Two Regulatory enzymes that in turn activate and deactivate E1. Cyclic AMP-free PDH kinase phosphorylates and, thus, inhibits E1, while PDH activates phosphatase E1. Kinase is fully mobilized by ATP, acetyl CoA, and NADH. Therefore, in the presence of these high energy signals, the pyruvate dehydrogenase complex is off. Acetyl CoA and NADH inhibit the dephosphorylated form of E1 separately. Pyruvate is a potent inhibitor of pyrite dehydrogenase kinase. Therefore, if pyruvate concentration is elevated, it will be more dynamic. Calcium is a potent activator of PDH, a phosphatase activator that activates E. [Note: This is especially important in skeletal muscle, where the release of Ca2+ during contraction stimulates the pyruvate dehydrogenase complex and thus energy production.

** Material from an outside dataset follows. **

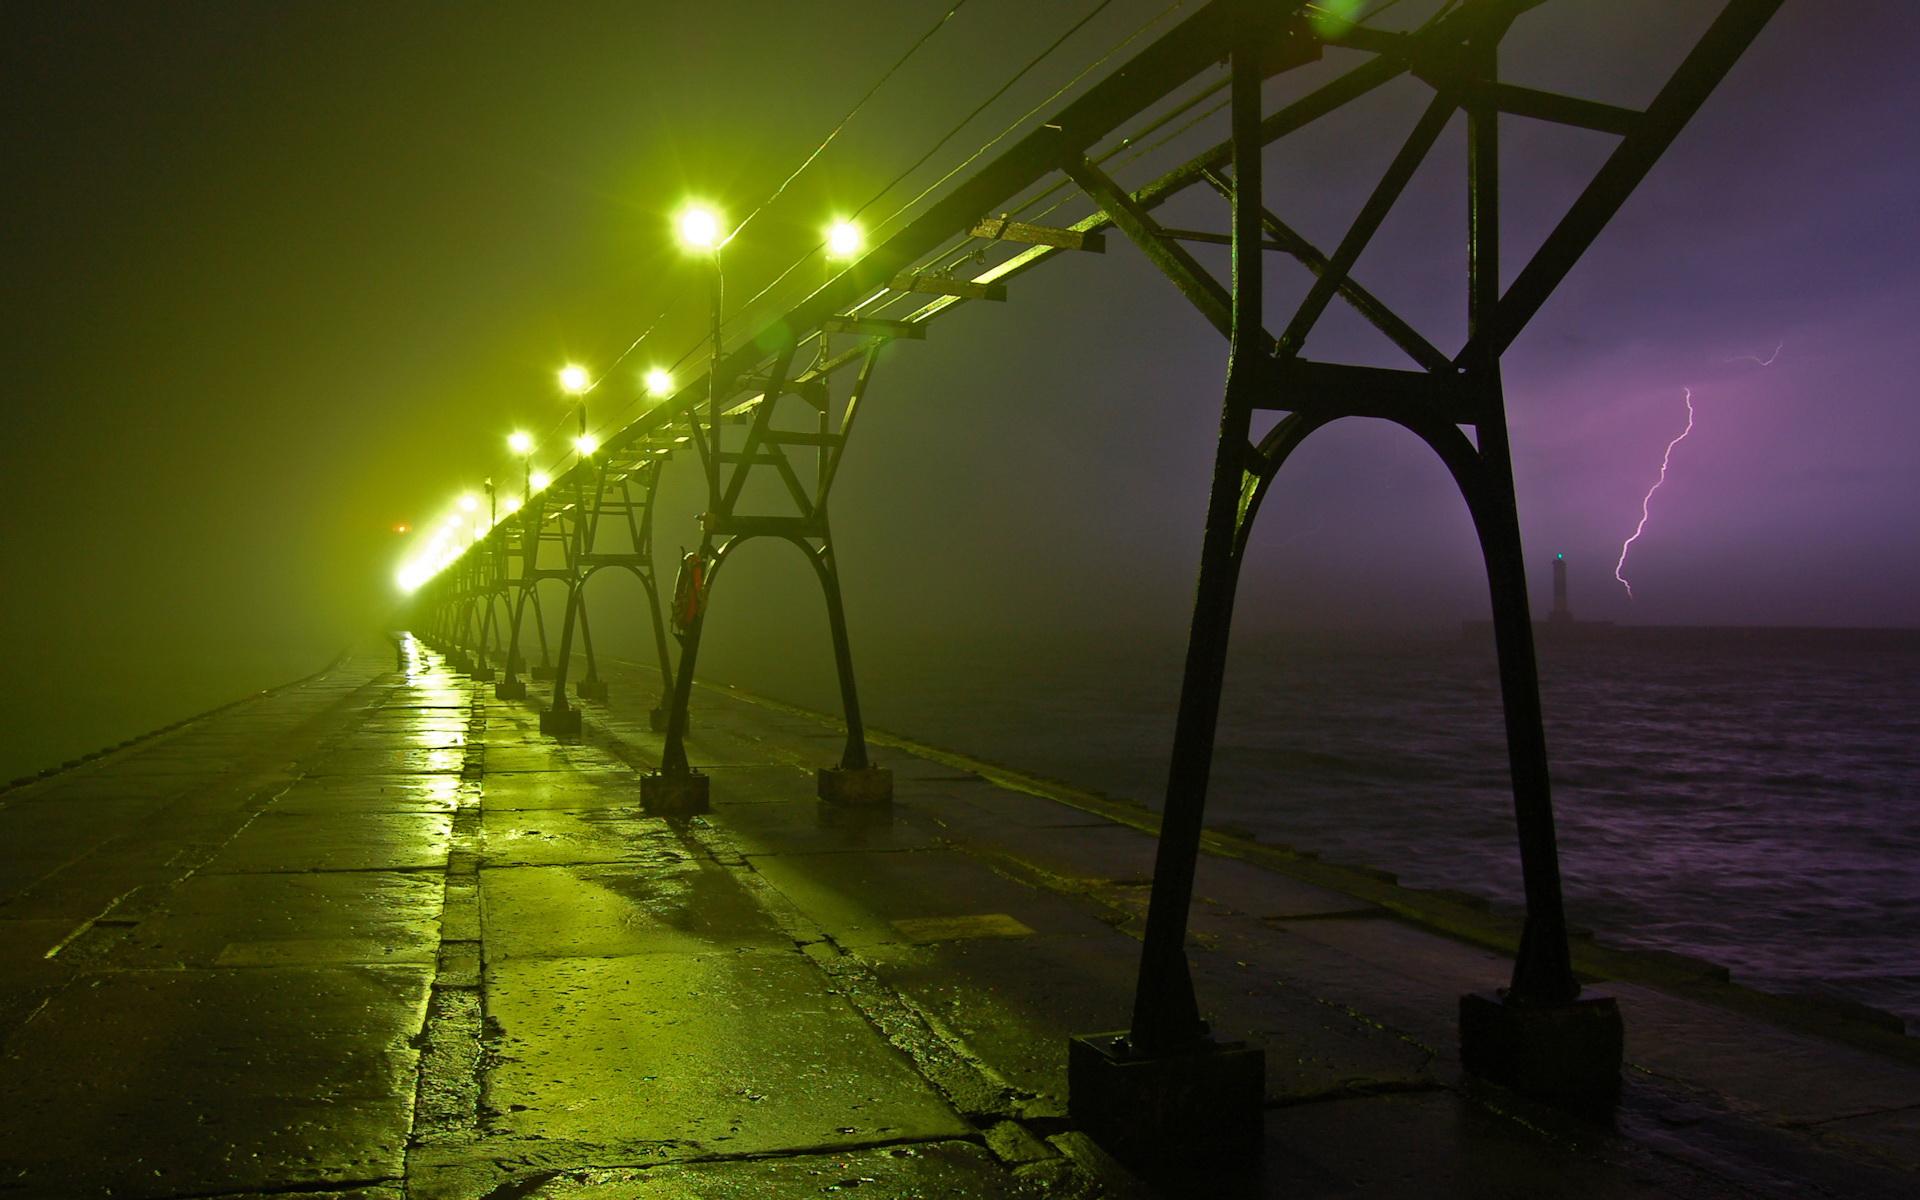 Stock Image of Rainy Street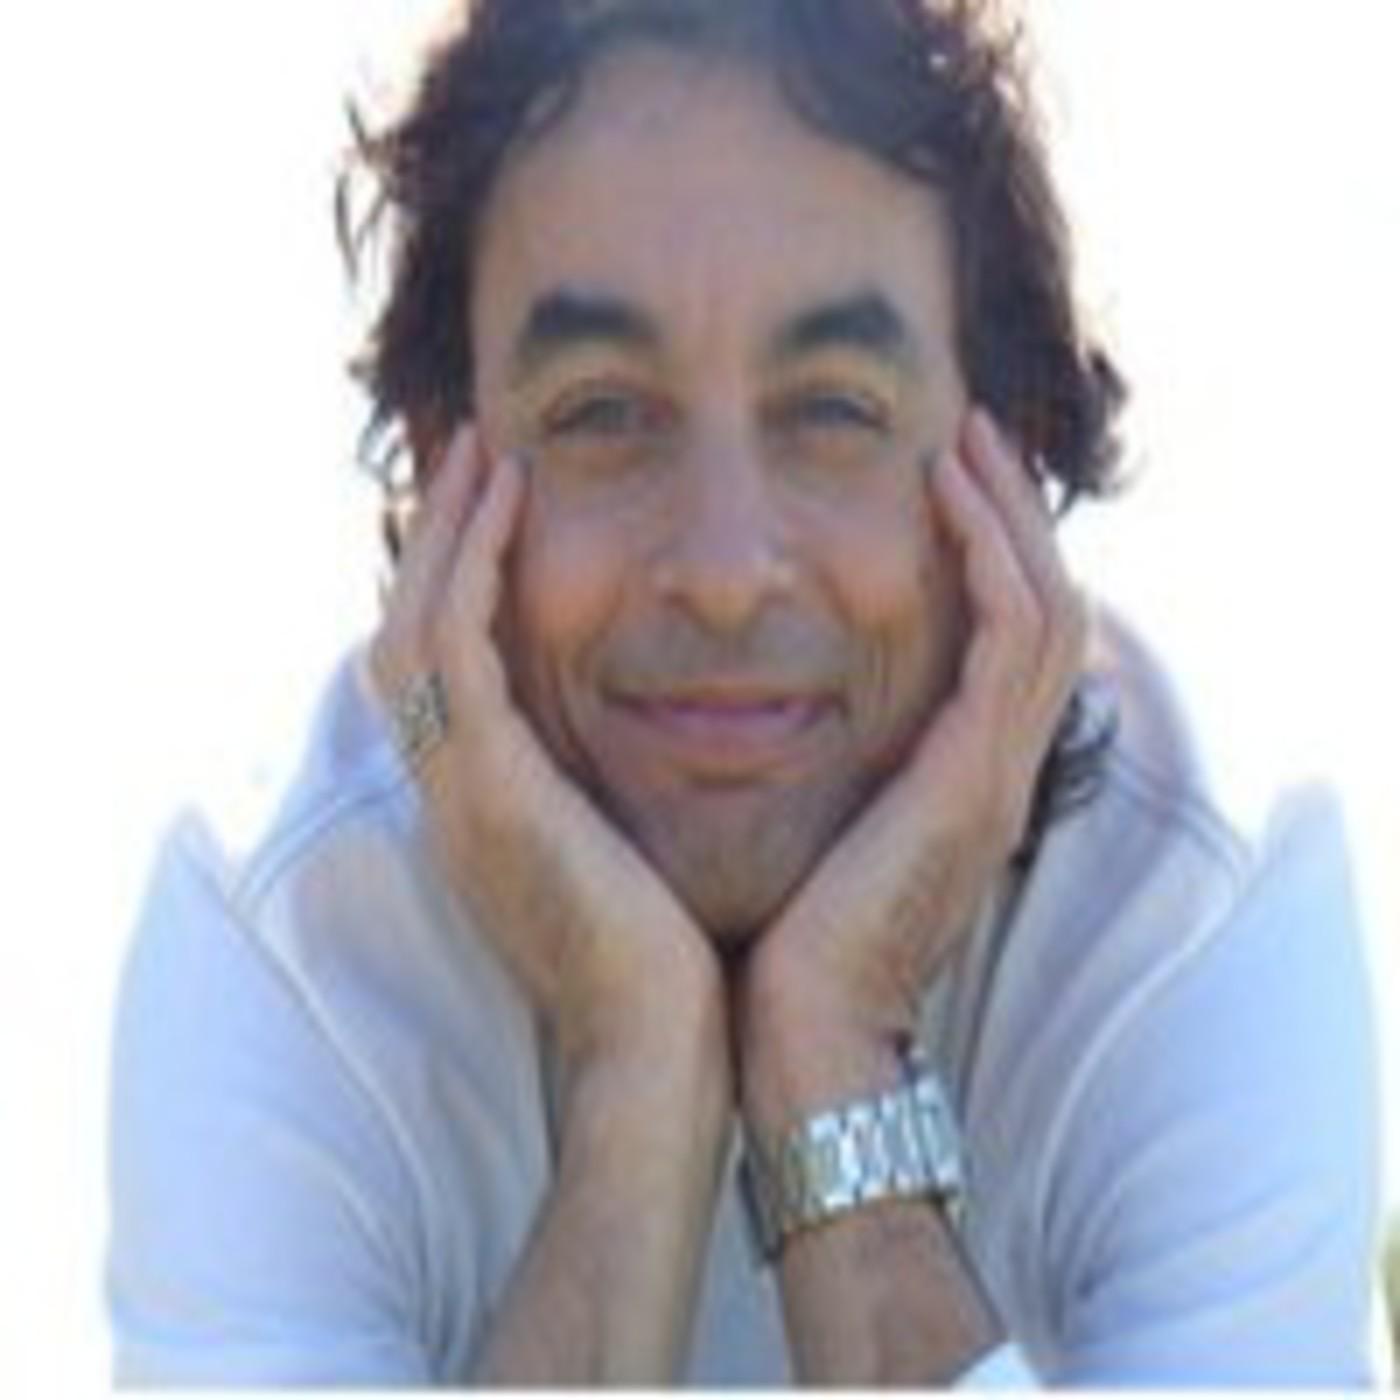 No busques ser feliz - Rodrigo Joaquín del Pino (Rama)

Energy Produced by The TCA Cycle.
The two carbon atoms enter the cycle as Acetyl CoA and move as CO2. This cycle does not include pure use or production of oxaloacetate or any other intermediate. During one turn of the cycle, four pairs of electrons move: three pairs of electrons reduce three NAD+ to NADH and one pair FAD to FADH2. The oxidation of one NADH through the electron transport chain produces about three ATP, while the oxidation of FADH2 produces about two ATP. The total production of ATP from the oxidation of acetyl CoA summarizes the reaction of the TCA cycle.
Regulation of TCA Cycle.
Unlike glycolysis, which is mainly regulated by phosphofructokinase, the TCA cycle is regulated by several enzyme activity rules. The most important of these regulated enzymes are those that stimulate the reaction with highly negative ΔG∘ citrate synthase, isocitrate dehydrogenase, and α-ketoglutarate dehydrogenase complex. Reducing the required requirements for oxidative phosphorylation was developed by the Pyruvate hydrogenase complex and the TCA cycle, and both processes have been eliminated in response to the increase in ADP.